Hill, who represents the home base of many of the Eastside’s high tech companies, also expressed concern that people with high incomes simply will choose to leave.
“Doesn’t that worry us that they might take off and move somewhere else? These people certainly have the means to move,” he said.
Also framing the discussion was a study from the Institute on Taxation and Economic Policy released this month showing the state of Washington has the nation’s hardest tax system for the poor and the easiest for those with large incomes. The top 1 percent of earners in the state pay 2.4 percent of their incomes in state and local taxes, whereas the bottom 20 percent pay 16.8 percent, according to the study.

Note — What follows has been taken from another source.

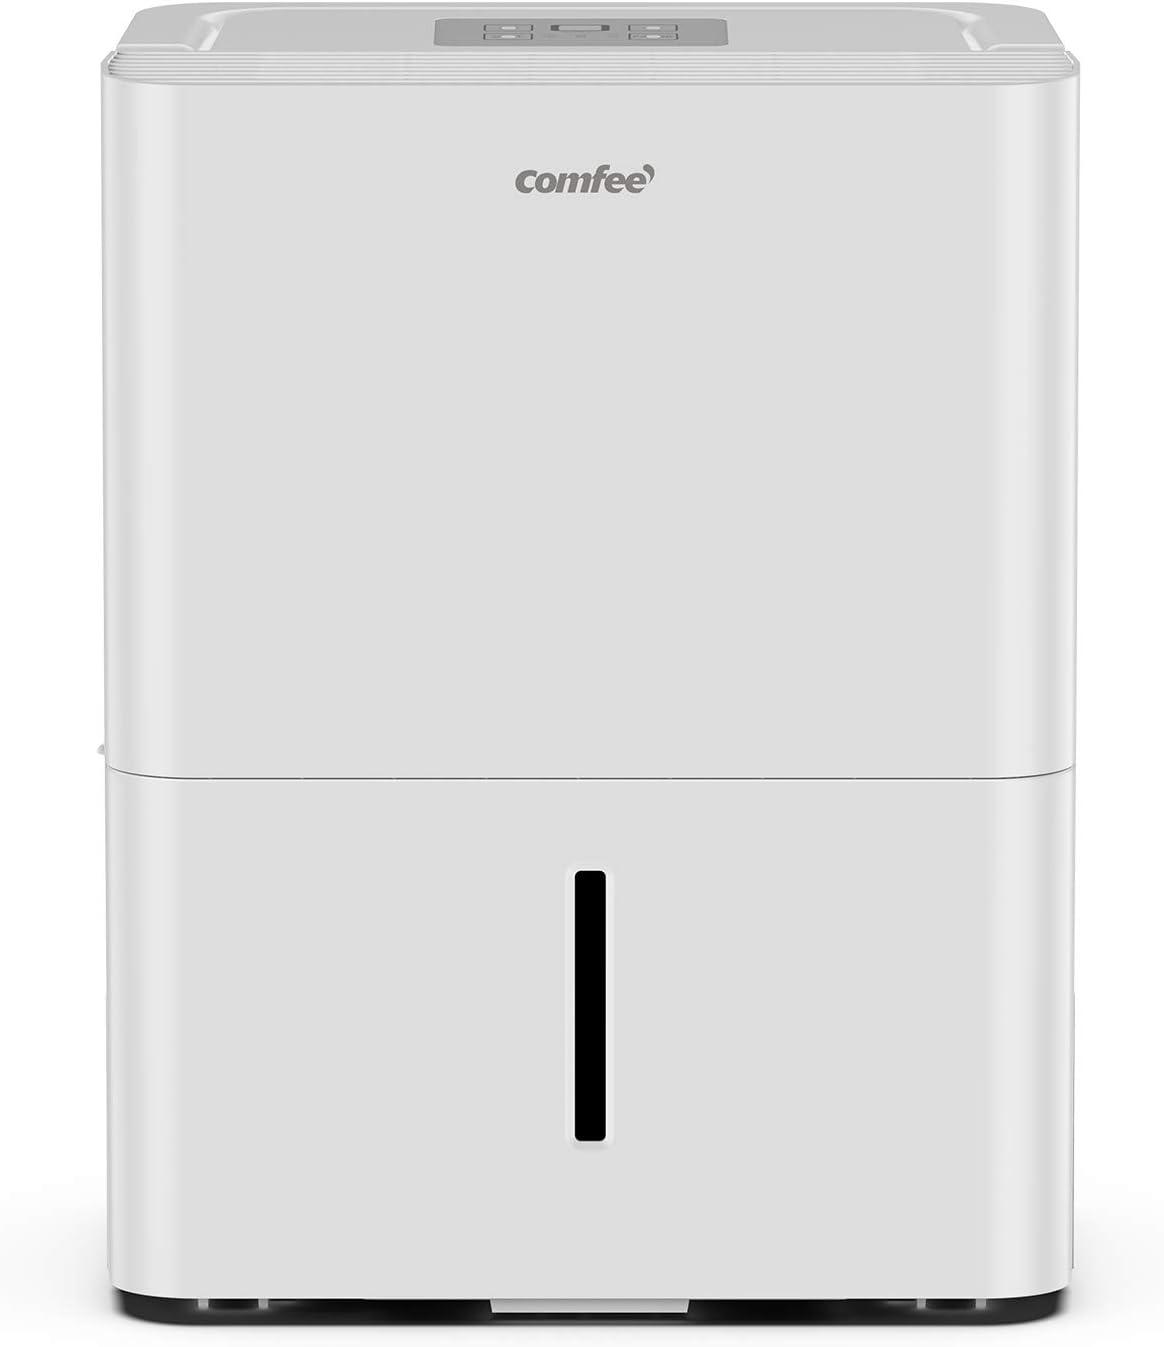 Comfee MDDN-12DEN7 Deshumidificador, 230 W, 230 V, White, 12L

In comparison, the top earners in California pay 8.7 percent of their income in state and local taxes and the bottom 20 percent pay 10.5 percent. According to Forbes writer Janet Novack, the difference comes from Washington state’s lack of income tax and high reliance on sales taxes and local levies.

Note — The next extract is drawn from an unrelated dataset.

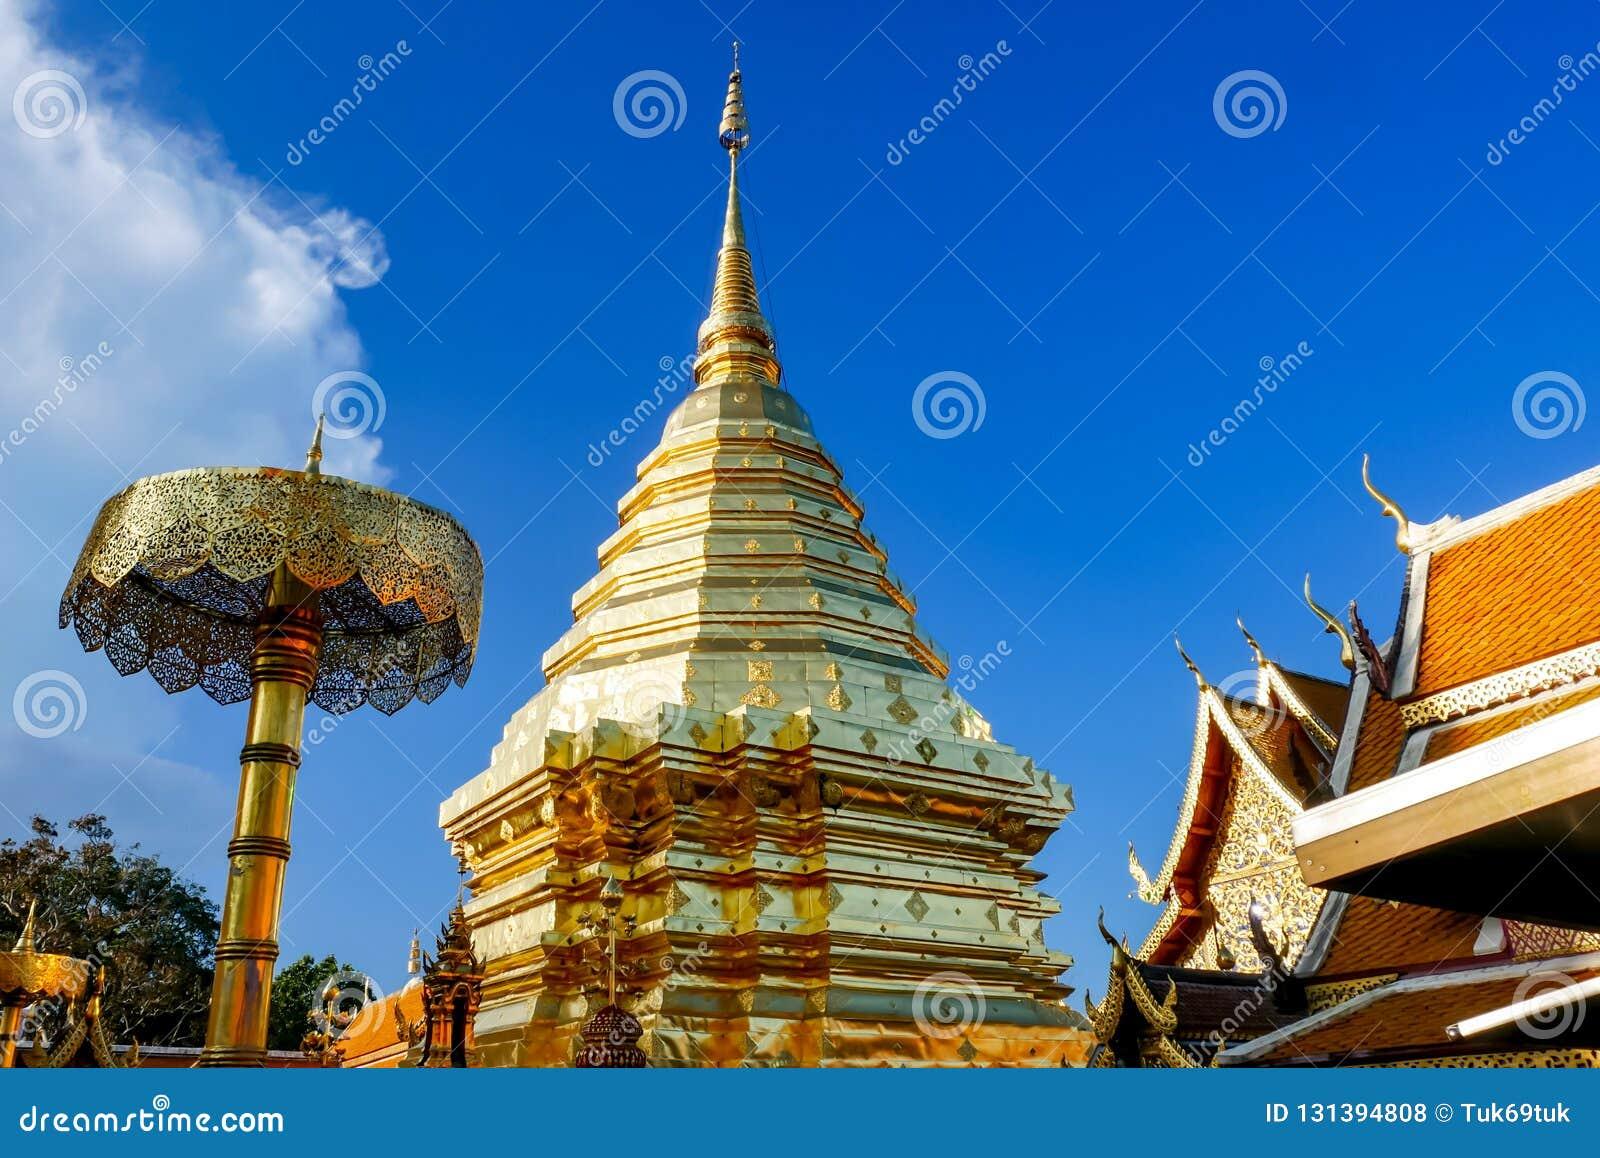 Wat Phra That Doi Suthep é atração turística de Chiang Mai, Tailândia Ásia

Schumacher told the committee the capital gains tax “would not shift us from being a regressive tax state to a progressive tax state, but it does begin to address I think what we feel is an unfairness in our structure.”
Washington Realtors Policy Director Bill Clarke spoke against the lax, saying that a capital gains tax would be bad for people who now plan to sell investment properties such as rental homes.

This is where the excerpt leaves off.